Nella catena del valore rientrano le vendite online (marketplace e retailer totalmente o parzialmente attivi sul canale digitale ma anche piattaforme pubblicitarie, servizi integrati per la presenza Web e le attività di customer care) e i servizi a supporto, come logistica, packaging e sistemi di pagamento. Lo studio ha calcolato che 100 euro investiti questa filiera hanno una ricaduta pari a 148 euro sull’economia nazionale; ogni 100 unità di lavoro generate in modo diretto dalle attività di e-commerce e digital retail, si creano altrove altri 141 posti di lavoro. Considerando la crescita di fatturato delle aziende del settore privato in Italia nel quinquennio 2016-2020, oltre il 40% deriva dalla filiera di e-commerce e digital retail.
“Alla luce dei risultati di questo studio non possiamo che decretare una volta per tutte la fine della concezione di ecommerce come un semplice trend”, ha dichiarato il presidente di Netcomm, Roberto Liscia. “La rete del valore del commercio digitale è molto di più: stiamo parlando di una filiera concreta e tangibile che fa crescere la nostra economia più di tutte le altre 98 attività economiche prese in considerazione e che riguarda 723mila imprese”.
Mentre la distribuzione delle aziende attive è abbastanza uniforme sul territorio italiano, oltre metà del giro d’affari si concentra nel Nord-Ovest, e in particolare in Lombardia. Lo studio di Netcomm e Ambrosetti ha anche evidenziato che solo per una minima parte delle imprese (10% di chi opera nel B2B e 6,4% di chi vende B2C) l’investimento sui canali digitali ha comportato chiusure o ridimensionamenti dei negozi tradizionali.

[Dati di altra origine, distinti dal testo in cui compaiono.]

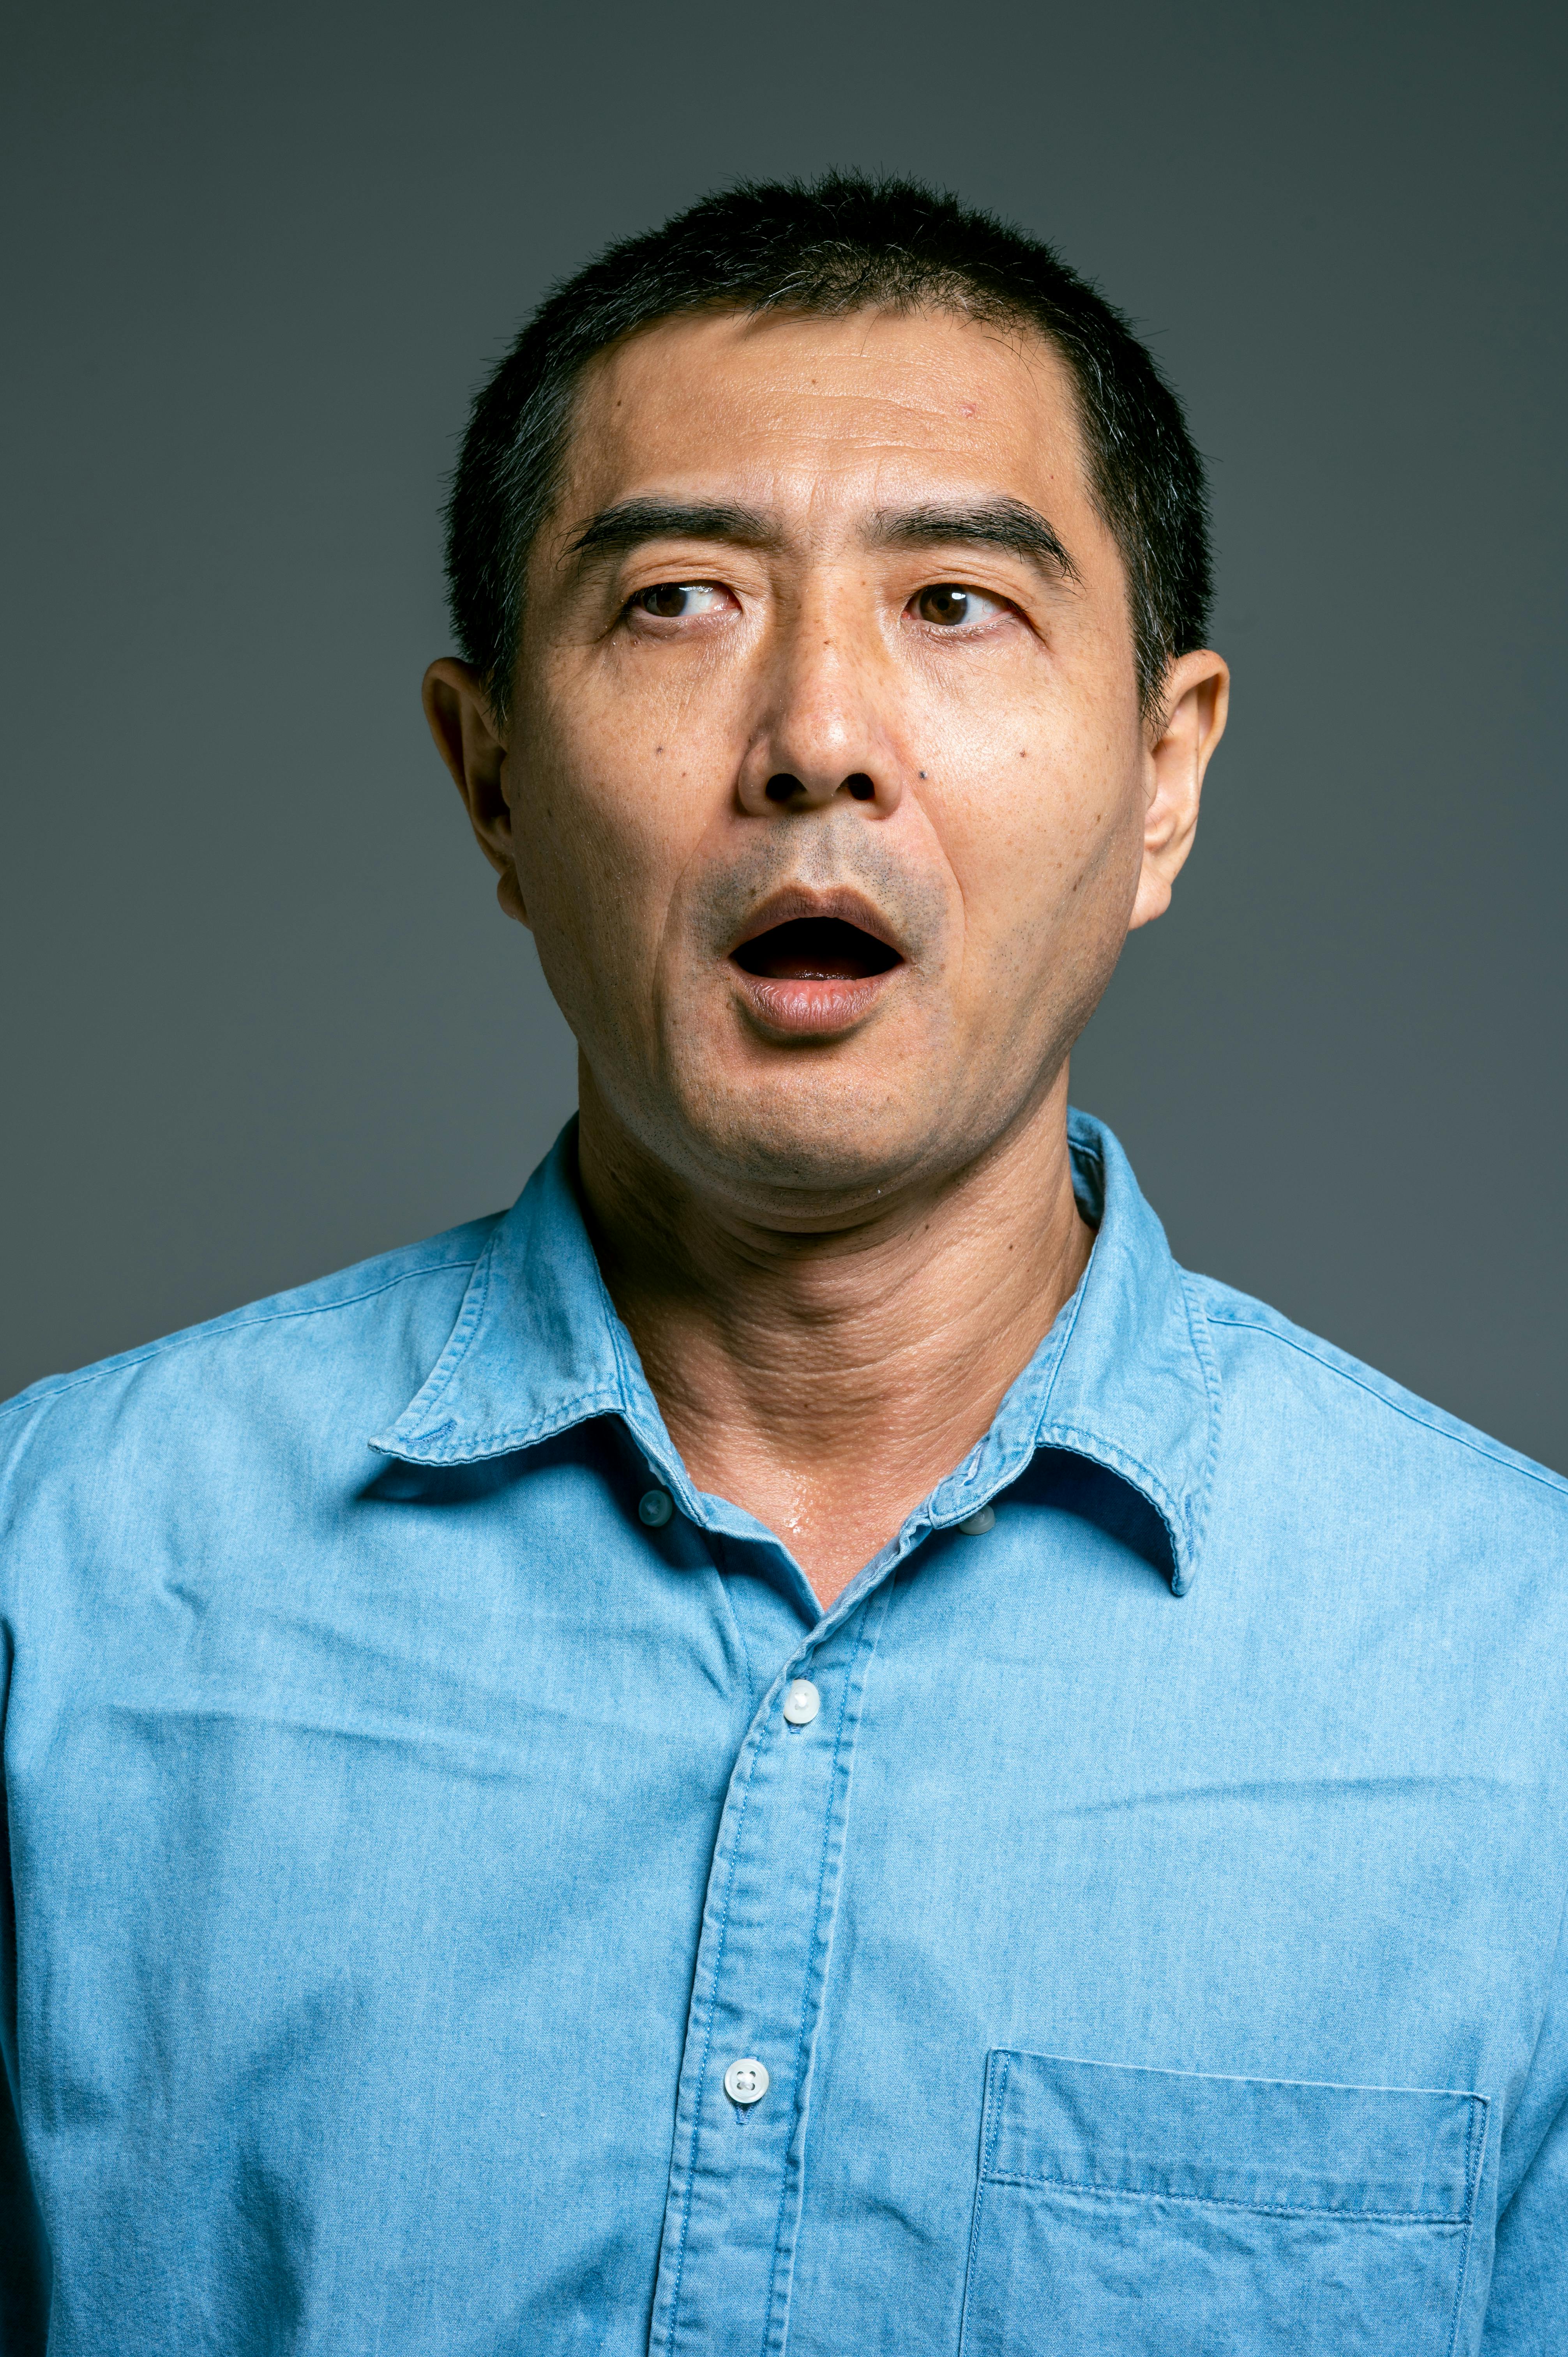 Speechless and shocked man | Source: Pexels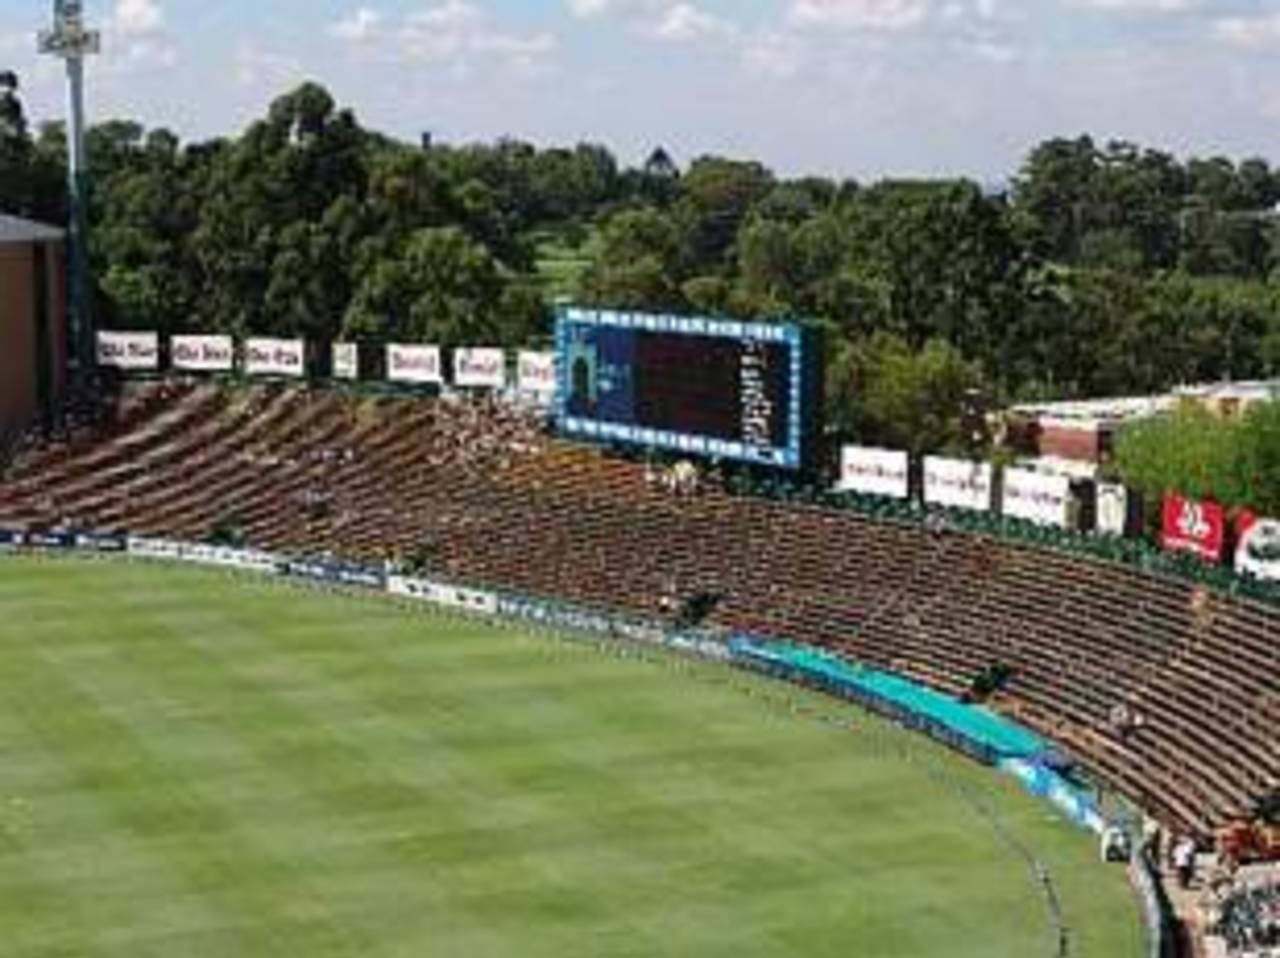 Empty stands: The Wanderers won't be hosting England later this year&nbsp;&nbsp;&bull;&nbsp;&nbsp;Keith Lane/ESPNcricinfo Ltd

In Italia non soltanto l’e-commerce B2C è in crescita. L’anno scorso il 61% delle aziende ha adottato soluzioni digitali per la vendita business-to-business, secondo quanto emerso da un altro studio di Netcomm, realizzato con il supporto di Adacto/Adiacent, Big Commerce e Rewi: il dato segna un incremento del 12% sul 2021. “Nel post-pandemia”, ha commentato Liscia, “la possibilità di fidelizzare il cliente attraverso il miglioramento e l’innovazione del servizio offerto è diventata la ragione principale che spinge le aziende alla digitalizzazione delle transazioni commerciali B2B”. Sul totale delle vendite B2B in Italia, la quota dei canali digitali si limita oggi all’11% ma si prevede arriverà al 25% nell’arco di tre anni.
C ome preferiamo acquistare? Sebbene saldare in contanti alla consegna sia quasi sempre possibile, i pagamenti digitali sono di gran lunga l’opzione preferita da chi compra online. Statista ha calcolato per l’Italia 67 miliardi di euro di valore complessivo dei pagamenti digitali nel commercio elettronico del 2022, cifra che raddoppierà nell’arco di quattro anni. Parallelamente ci sarà un boom (+165% in quattro anni) di pagamenti realizzati tramite smartphone nei negozi fisici, per un giro d’affari che nel 2026 sfiorerà i 60 miliardi di euro.